Universal idea of fate When Mary met Prince Frederick at the Sydney Olympics it was her fate to become a Princess. Just like if Macbeth hadn’t of met and talked to the witches, he would’ve never known that he would one day become king and he wouldn’t of gone mad.
The language techniques used in Macbeth include: Metaphors - "Fair is foul and foul is fair.“ This is part of the witches' conversation. This phrase is a metaphor that describes the state of affairs within Macbeth and without in Scotland. Evil and sinister things have taken the place of all that is good and just. Similes - "And pity, like a naked new-born babe." Shakespeare is comparing pity to the helplessness of a new- born infant. Imagery - The imagery includes many recurring images, related with many of the themes of the play. The imagery of the Reality and the Appearances and the Witches, the Light and the Darkness are wonderfully merged in Macbeth. The imagery of Sleep is also associated with the Death as “Macbeth does murder sleep”.
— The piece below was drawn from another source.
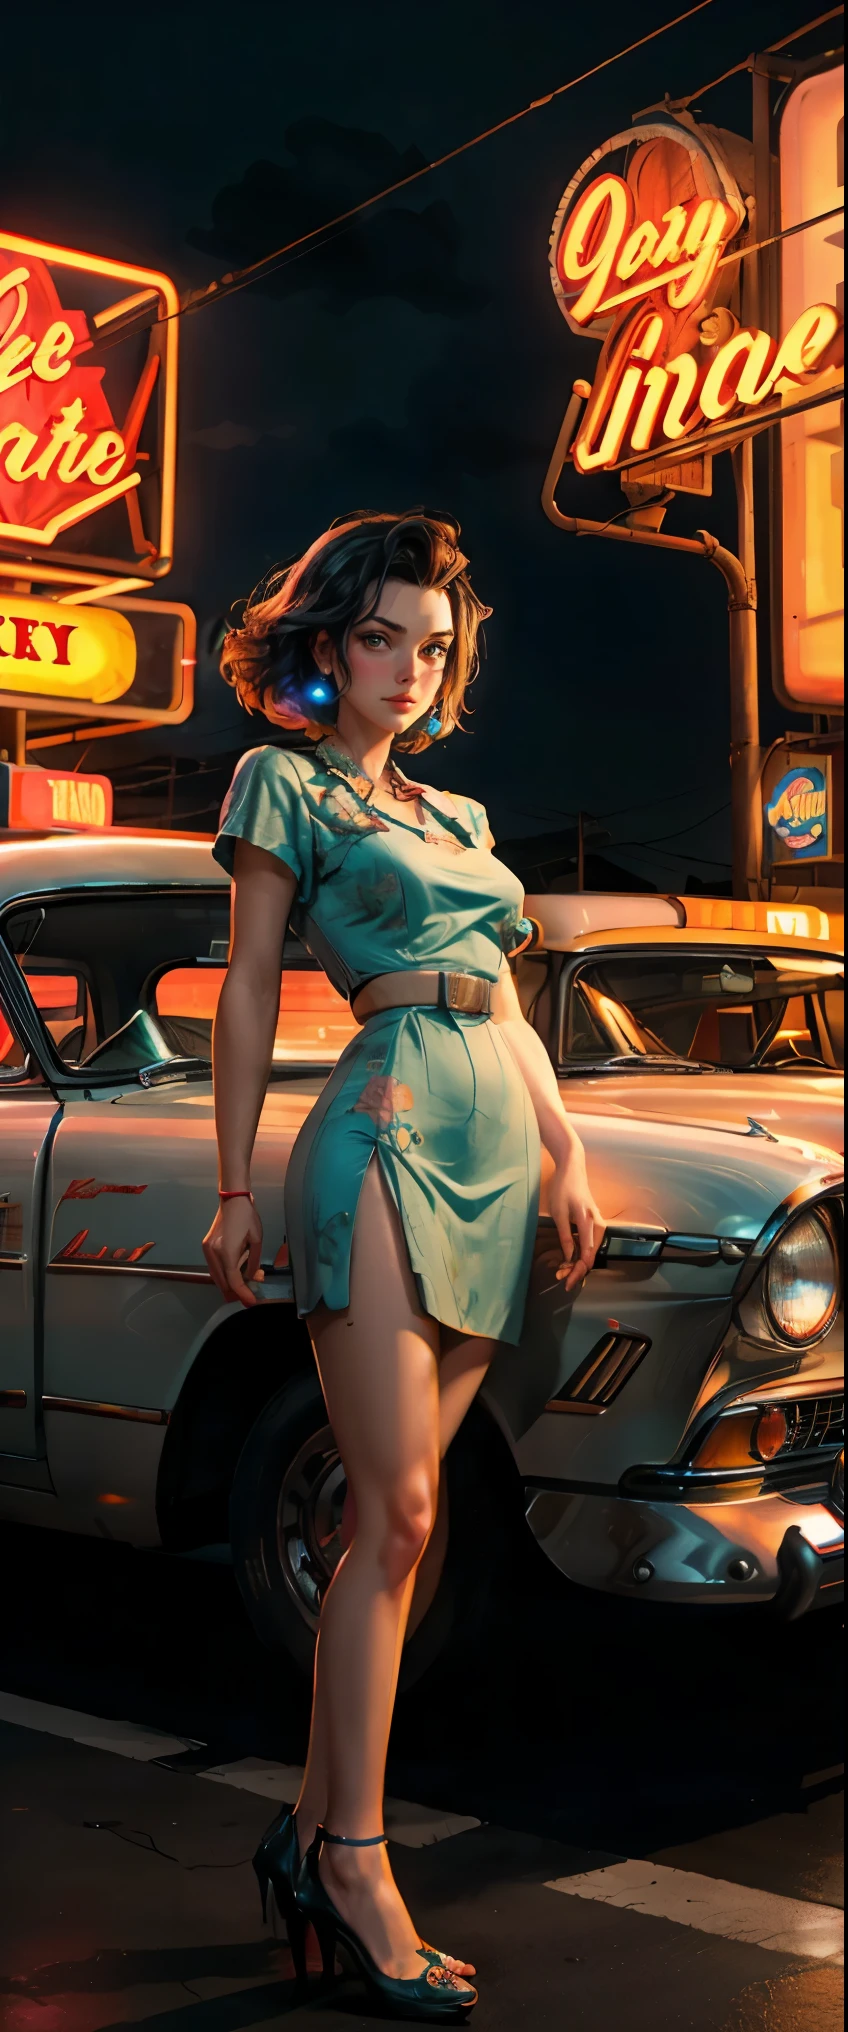 ((masterpiece, highest quality, Highest image quality, High resolution, photorealistic, Raw photo, 8K)), arafed view of a motel with a car parked in front of it, with neon signs, A woman waiting for a guest in front of a motel, seduction, short dress and high heels, route 6 6, neon signs, 1 9 5 0 s americana tourism, some have neon signs, neon lights outside, neon advertisements, gigantic neon signs, neon shops, by Arnie Swekel, few neon signs, neon signs in background,

Macbeth is a classic because it explores many different types of themes including betrayal, tragedy, power and fate. It also explores situations that we experience in our everyday lives and relate to both ancient and modern times.
Why we study Shakespeare… We believe that we study Shakespeare because it allows us to enter into a state of mind different from our own and therefore enlarging our imagination.